The idea of subset sampling for training machine learning methods has been proposed in different contexts in literature. With the motivation of reducing the expense of labeling data for training, methods following the active learning paradigm
[15] seek to define a sampling strategy that selects a sample to be labeled among a large pool of unlabeled data for the next learning round. While the active learning paradigm considers the problem of data selection in an (initially) unsupervised setting, in the context of PNNL we take advantage of the available labeling information for subset selection. Directly related to our work are methods selecting a subset of data formed by the most representative samples [14, 2, 16, 1]. These methods however only consider the data selection process once based on the input data representations and the available labels. The selected subset of data is then used to train a model with fixed capacity. Different from this line of works, we propose to perform subset sampling at every incremental step of the PNNL process with selection strategies that can also take into account the data representations learned by the current network’s tolpology.When building a learning system, the development process often requires running multiple experiments to select the best values for the hyperparameters associated with the learning model. For neural networks, such hyperparameters correspond to the values used e.g. for the weight decay coefficient, or the dropout percentage. In existing PNNL algorithms, the value associated with each hyperparameter is fixed throughout the entire training process, and the best combination of the hyperparameter values is usually selected by following a grid search strategy training multiple models each corresponding to a different combination of hyperparameter values. Different from that (traditional) approach, we propose to incorporate the hyperparameter selection process into each incremental training step, enabling adaptive hyperparameter assignment during the network’s topology progression process. Coupled with the speed up gained from subset sampling, this further accelerates the overall training process and improves generalization performance as indicated by our experimental results.

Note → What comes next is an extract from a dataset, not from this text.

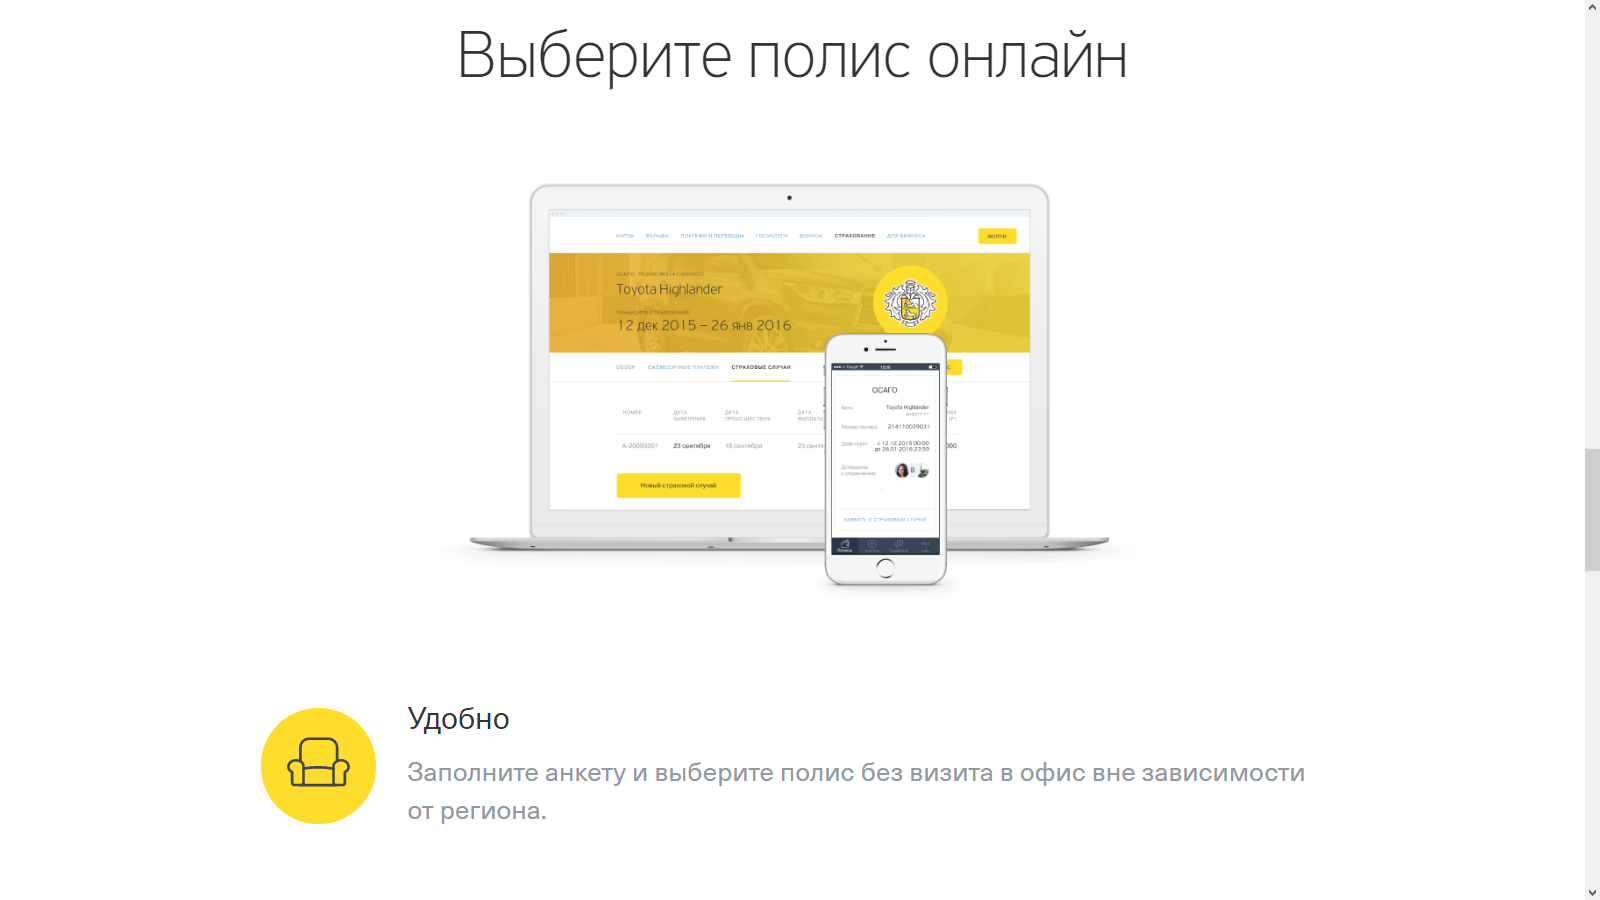 Тинькофф страхование ОСАГО онлайн

The remainder of the paper is organized as follows: Section 2 reviews Progressive Neural Network Learning and the subset sampling strategies in different learning contexts. Section 3 describes the proposed progressive network training method. In Section 4, we detail our experimental setup and present empirical results. Section 5 concludes our work.
2 Related works
2.1 Progressive Neural Network Learning
In Progressive Neural Network Learning (PNNL), an algorithm starts with an initial network topology and gradually increases the capacity of the model by adding and optimizing new blocks of neurons following an iterative optimization process [8, 25, 3, 4, 9, 21, 22, 19, 20, 23]. When a new set of neurons is added to the current network topology, different PNNL algorithms determine different rules to form new synaptic connections from the new neurons to the existing ones. For example, in IELM [8] and BLS [4], the progression strategies only allow the algorithms to learn networks with one and two hidden layers, respectively, while other PNNL algorithms such as PLN [3], StackedELM [25] or HeMLGOP [22] can generate multilayer networks.

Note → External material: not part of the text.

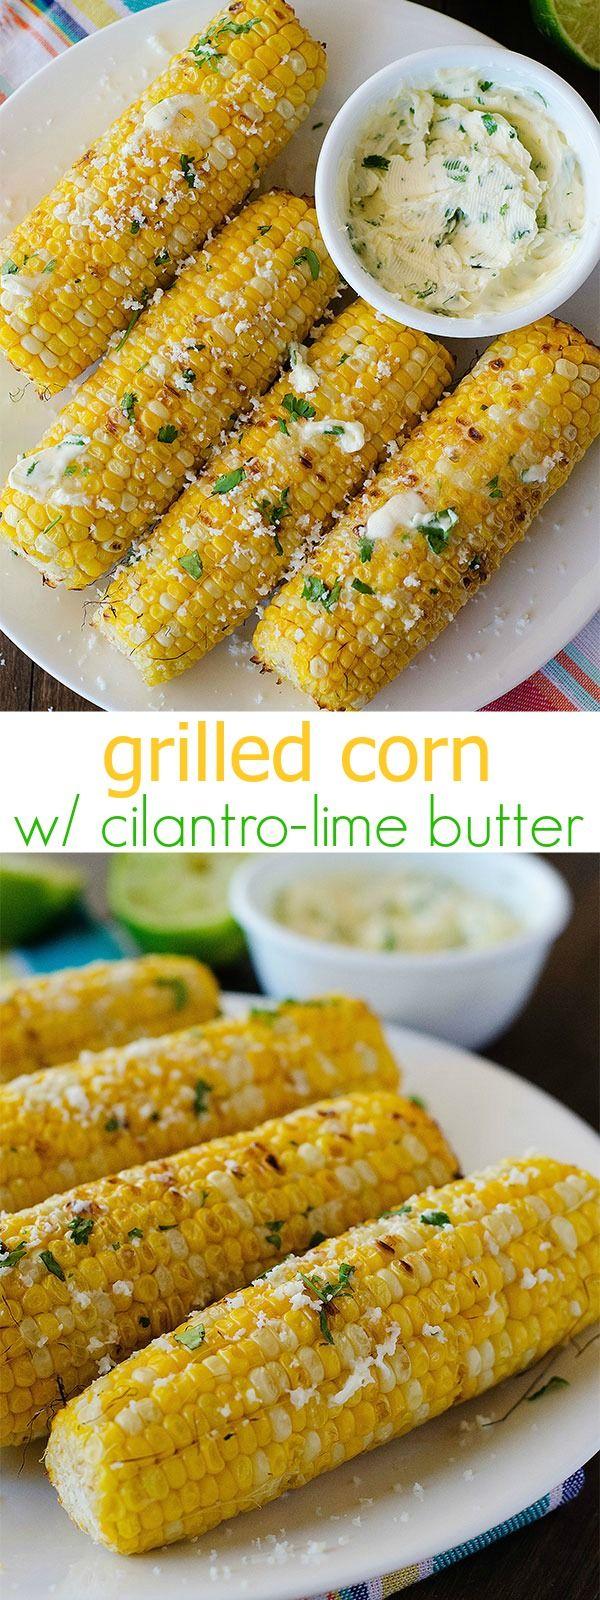 grilled corn, summer recipes, bbq, corn,

Regarding the adopted optimization strategies, many algorithms employ random hidden neurons to relax the optimization objective to a convex form and use convex optimization techniques to achieve global solutions such as [8, 4, 25, 3]. While this approach is computationally efficient and often comes with certain theoretical guarantees, most algorithms are sensitive to hyperparameter selection and require extensive evaluation of a large set of hyperparameter values. Besides, these algorithms often construct very large network topologies to achieve good performance. Recently, the authors in [22] proposed HeMLGOP, a PNNL algorithm that combines both randomization process and stochastic optimization to progressively train networks of heterogeneous neurons. Since HeMLGOP not only optimizes the network’s topology but also the functional form of each neuron, the resulting network are both compact and efficient. This, however, comes with a much higher training computational cost compared to those employing random neurons and convex optimization.
As a variant of HeMLGOP algorithm which only optimizes the network’s topology with the standard Perceptron, Progressive Multilayer Perceptron (PMLP) yields a good tradeoff between optimization complexity, topology compactness and learning capability. Thus, in this paper we apply our proposal to speedup and enhance PMLP. Although our investigation in this paper limits to only PMLP, the proposed method can be generalized to all PNNL algorithms as will be indicated in the next Section.
2.2 Subset Sampling
In Active Learning, queryacquiring or poolbased method refers to a class of algorithms that uses different sampling strategies to select the most informative samples from a pool of unlabeled data. The most representative examples in this category of methods include the informationtheoretic method in [11], the ensemble method in [12]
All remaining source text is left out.